John King

John got an early start with all things technical due to having a father who was an electrical engineer.  A child master of taking things apart and rebuilding them, John soon branched into remote control as well.  Some of his projects included building an "armchair remote" for his dad's record player (linear tracking and infrared track identification, from DAK), and having a remote control watch (also DAK)  that he pretended was a voice control system.  In Junior High, John started learning to write programs on a TRS80 Model III (read geek), given to him by his dad.  John's senior project in college was to build an RS232 computer interface for an x-ray goniometer.

 After graduating from college with a Physics degree, John soon went to work for an AV company as a bench tech.  One day, John's company, being shorthanded, sent John to troubleshoot a large control system.  His boss intended for John to call tech support for help.  Not knowing this, John analyzed the code on his own, and soon had the system up and running.  On that day, John graduated from bench tech to programmer, and has never looked back.

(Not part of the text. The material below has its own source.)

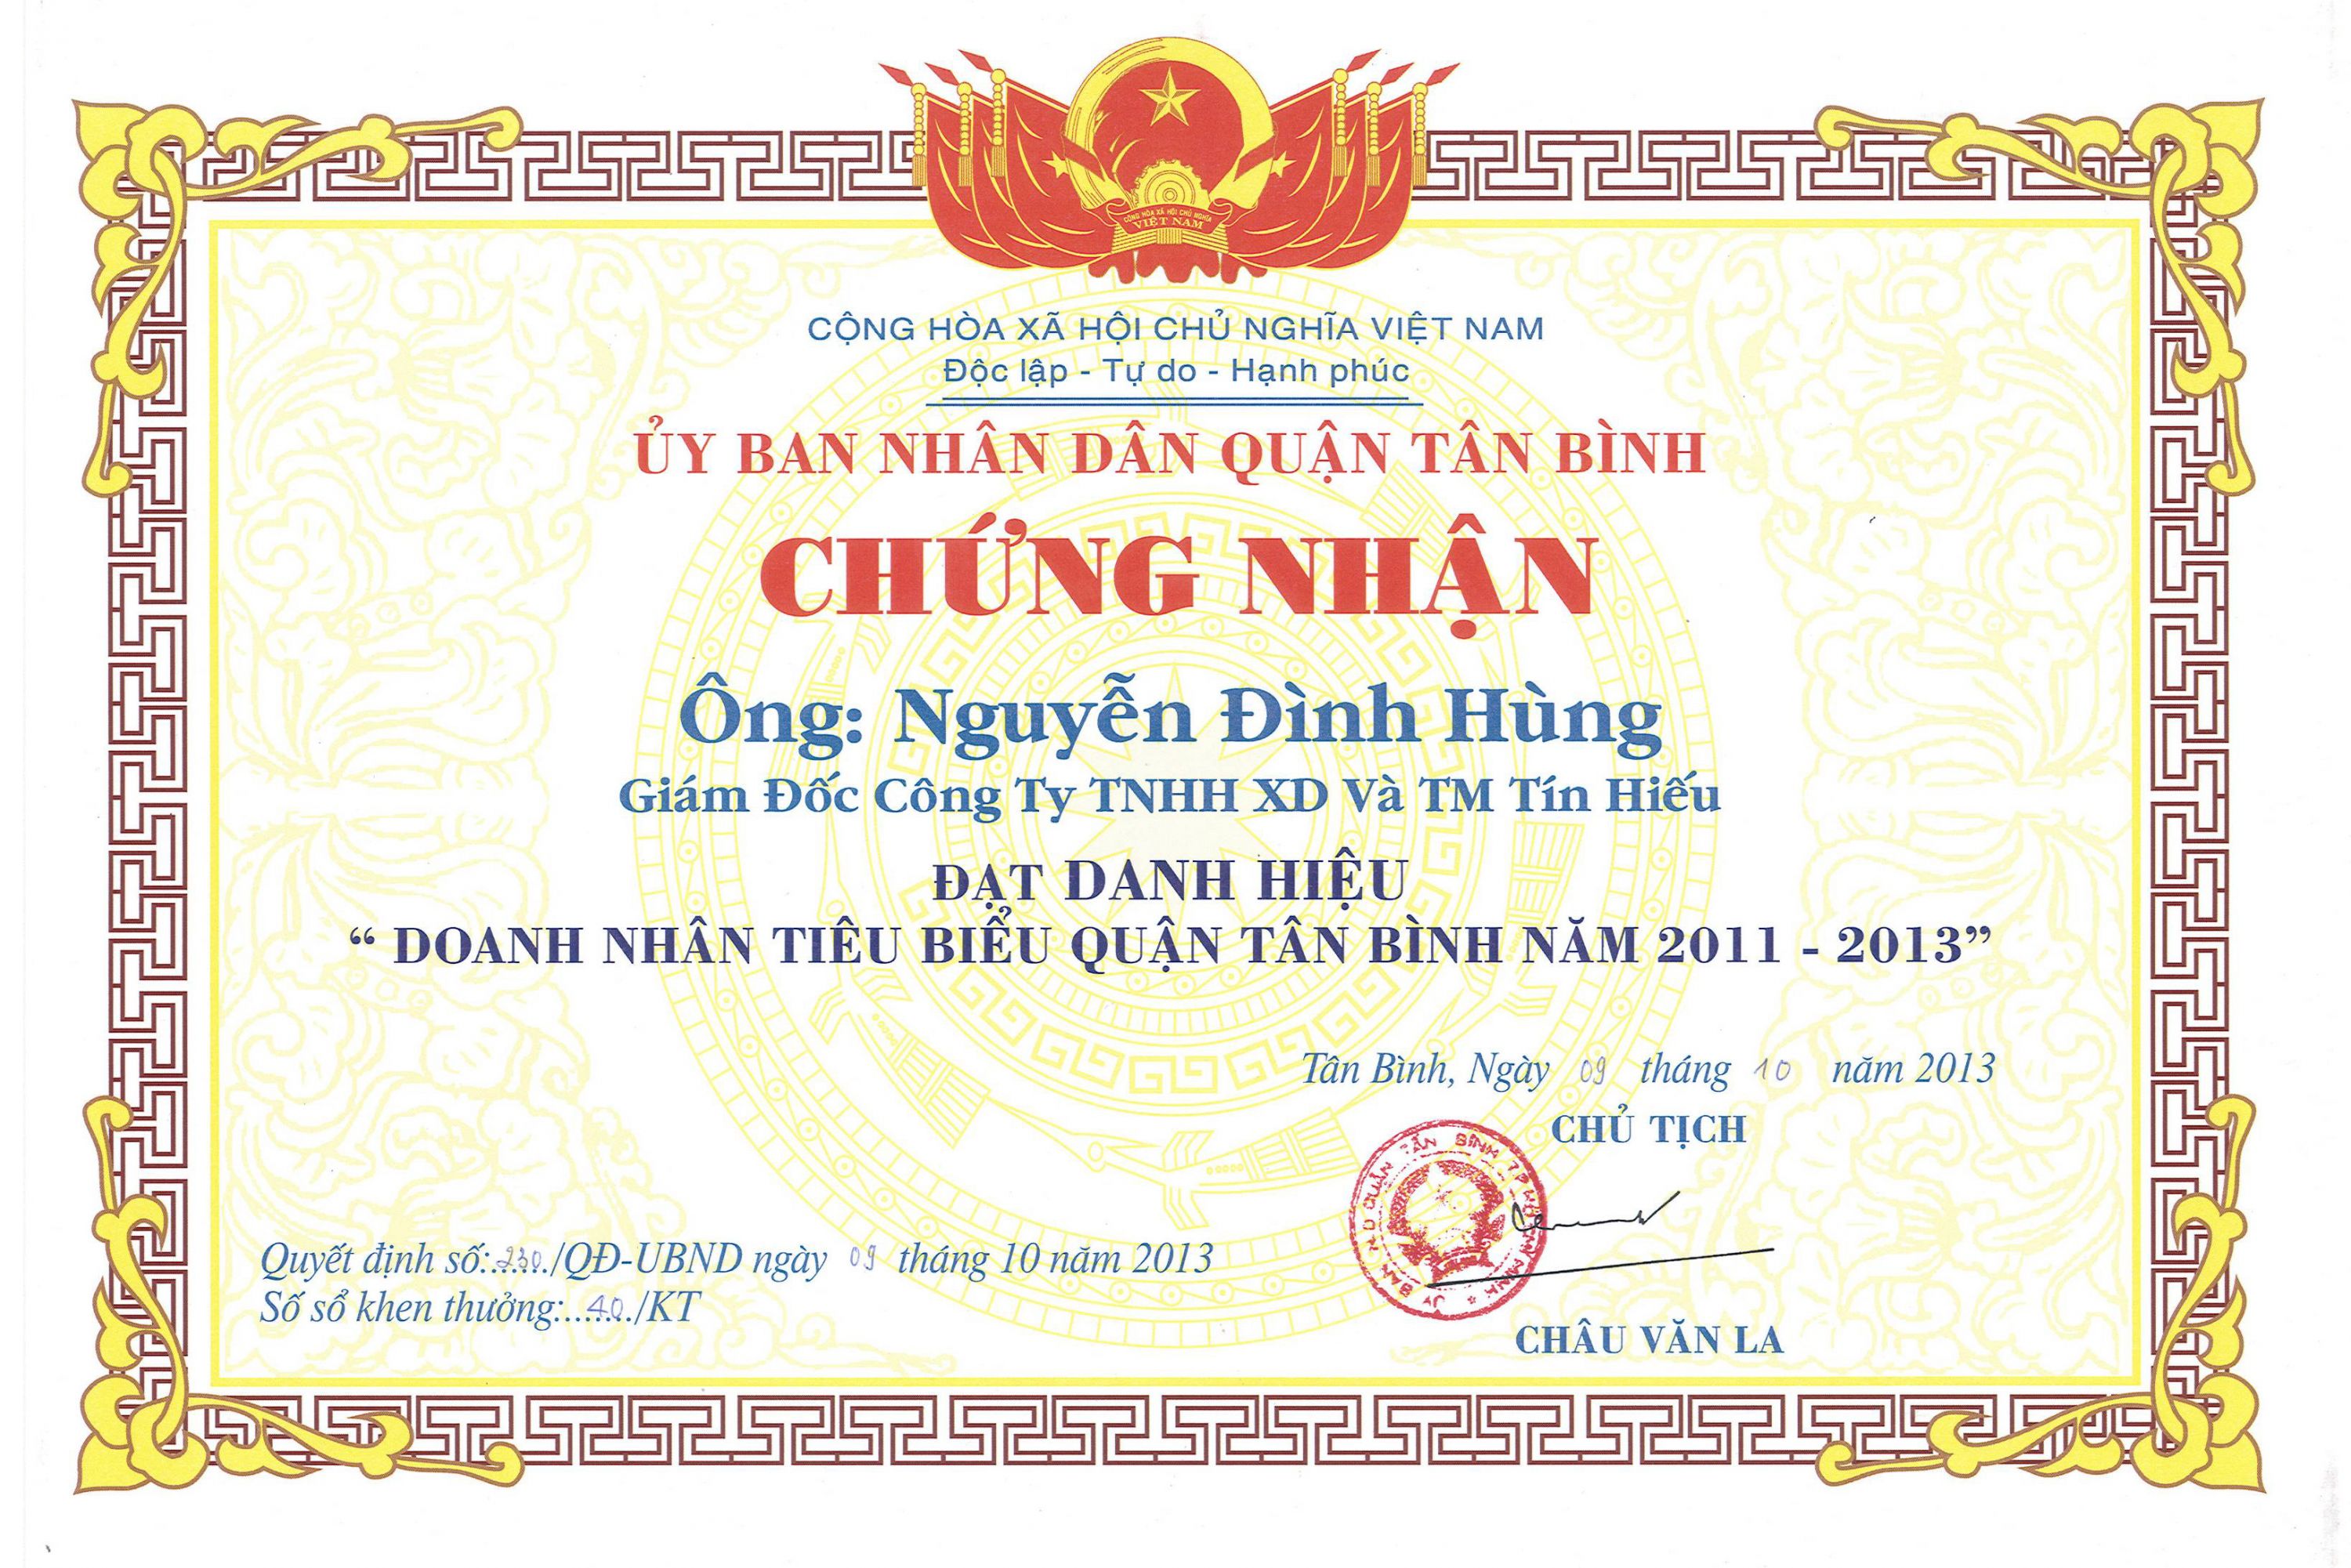 Chứng nhận doanh nhân tiêu biểu quận Tân Bình

Today, fourteen years after his first foray into AV programming, John is trusted by many companies and end users to meet their control system programming needs. A talented designer and programmer, he’s known for his pie-making skills and his big fluffy dog.  John is married to a wonderful wife, Ginny, and is involved at his church, with both technical and missions departments.

 

 

 

David Ives

David knew from the 7th grade that he was going to follow in his grandfather's footsteps to become an Electrical Engineer. Graduating from the same college (Oklahoma State University) with a Masters Degree in EE, David went on to join Harrison Systems as a design engineer. David learned of Harrison through his summer job working for Doug Brown Enterprises in Tulsa Oklahoma as an audio systems installer.

David spent 20 years at Harrison, at first programming, concepting and designing large format recording consoles for the broadcast, live, music recording and film re-recording industries. Early in his career at Harrison, he was offered a management role and continued in management for the rest of his tenure at Harrison. However, even in management, he always kept a hand in the technical aspects of the company. Eventually, he was forced to manage exclusively, which, while challenging, deprived him of the hands-on technical experience that he loved.

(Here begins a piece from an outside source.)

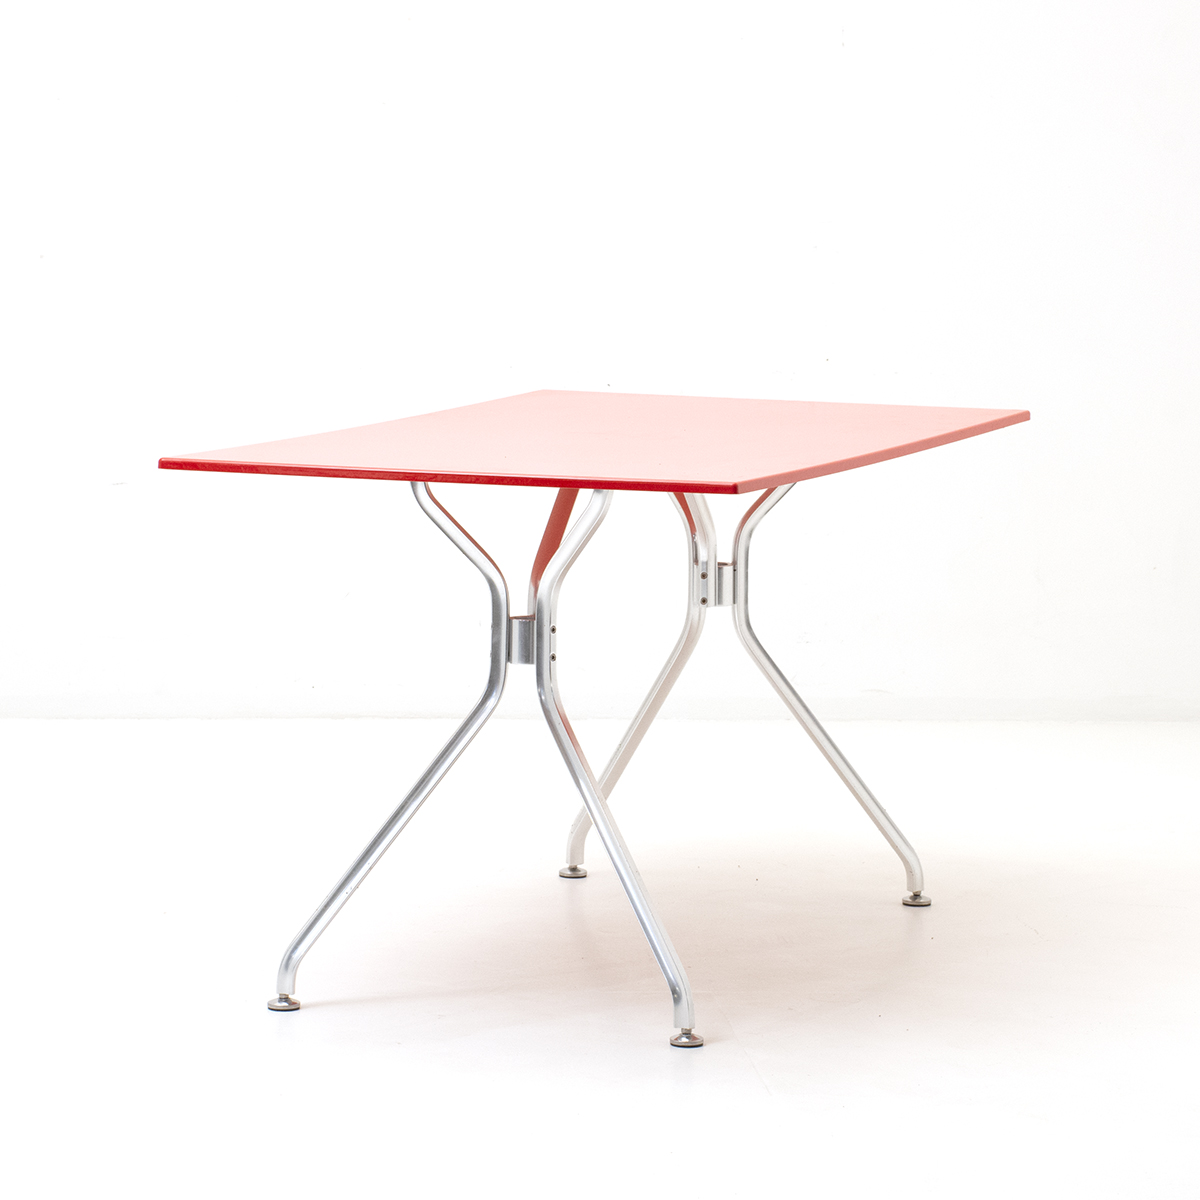 Roter Gartentisch, Alu6 von Seleform - 3

After leaving Harrison, David joined John at The King's Controls in May of 2008. And in doing so, David has found a way to combine his love of audio (and now video) with hardware and software. Nirvana!

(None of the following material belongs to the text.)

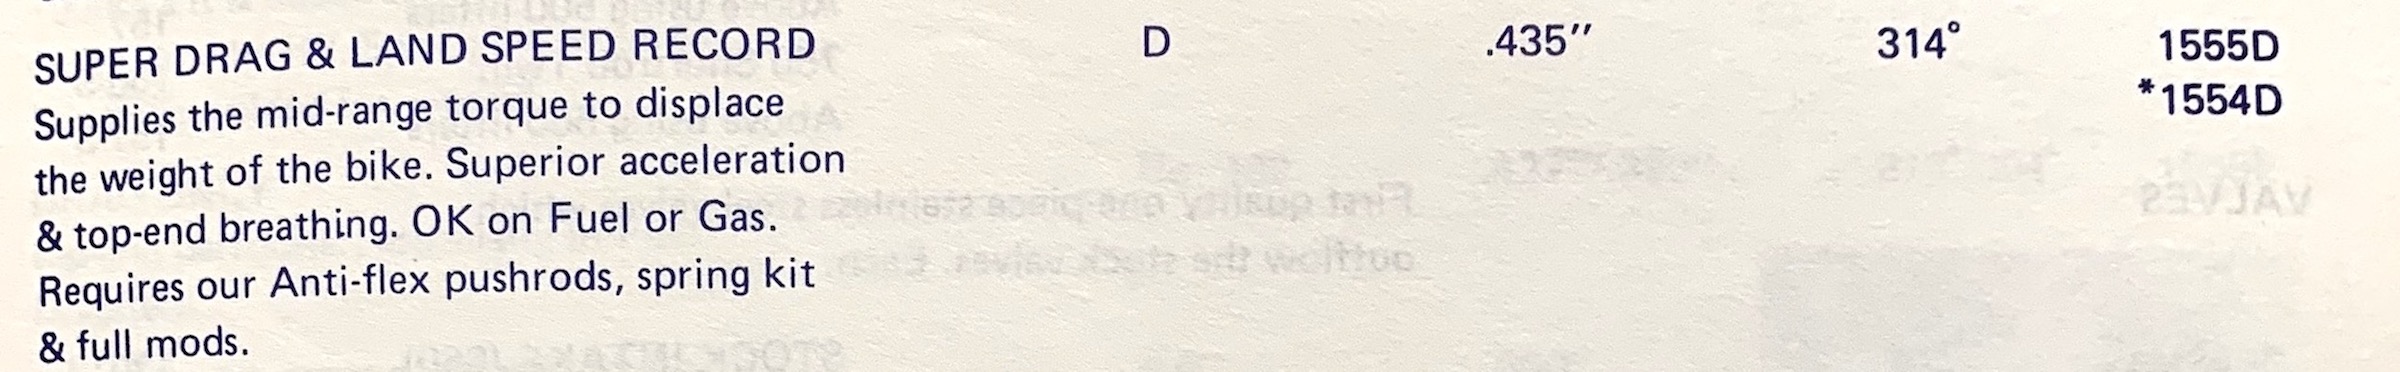 NORRIS 'D' GRIND CAM DATA copy.JPG

David is married to Renee and together, they have six children, Nathan, Jonathan, Sam, Sweet Margaret Ruth, Jed and Rachel. When not programming or playing with children, David is involved in playing music and his church.

 

 

 

 

Eric Bernhardt

Eric's mom was an opera singer and his dad was an engineer. To resolve that conflict he had no choice but to go into AV integration. In 1993, after several years of pulling wire, building racks, recording and editing live audio and working on the electronics bench, a sales engineer challenged Eric to create his first graphic user interface. Well, never bet Eric he can't do something. Not only did the graphics entice him, but even more so the nitty-gritty, behind-the-scenes code logic that makes it possible for non-technical people to operate very technical systems.

In 1995 Eric created Stikman Engineering, a sole proprietor software business based in Nashville, TN that took on any AV remote control system challenge, with projects from New Jersey to California. For the next eight years Eric honed his skills to evolve increasingly more concise and powerful software authoring techniques that allowed him to tackle the more complex and innovative projects that others preferred to pass on. More importantly he rose above an industry trend amongst programmers, and specialized in not one but both of the dominant AV remote control vendor lines, becoming fluent in the languages and architectures of AMX and Crestron.

Waveguide Consulting, the largest independent AV consultant in the southeast US, recruited Eric in 2003 to create their new programming department. During 2004 Eric developed what would go on to win the “Most Creative New Product” of Infocomm 2004 from AV industry product consultant Gary Kaye – an integrated system demonstrating wide open interoperability between AMX and Crestron processors and touch panels. That same system also introduced the first Waveguide reconfigurable user interface, which allowed the end user to customize their UI for specific persons, all during run time with no code recompiling.

In 2007, having guided a successful Waveguide programming department to include seven programmers, whose client list included Centers for Disease Control and Prevention, Sprint, MIT and Emory University, Eric left Waveguide in order to begin formal study of the Chinese language, and return to his status as an independent programmer.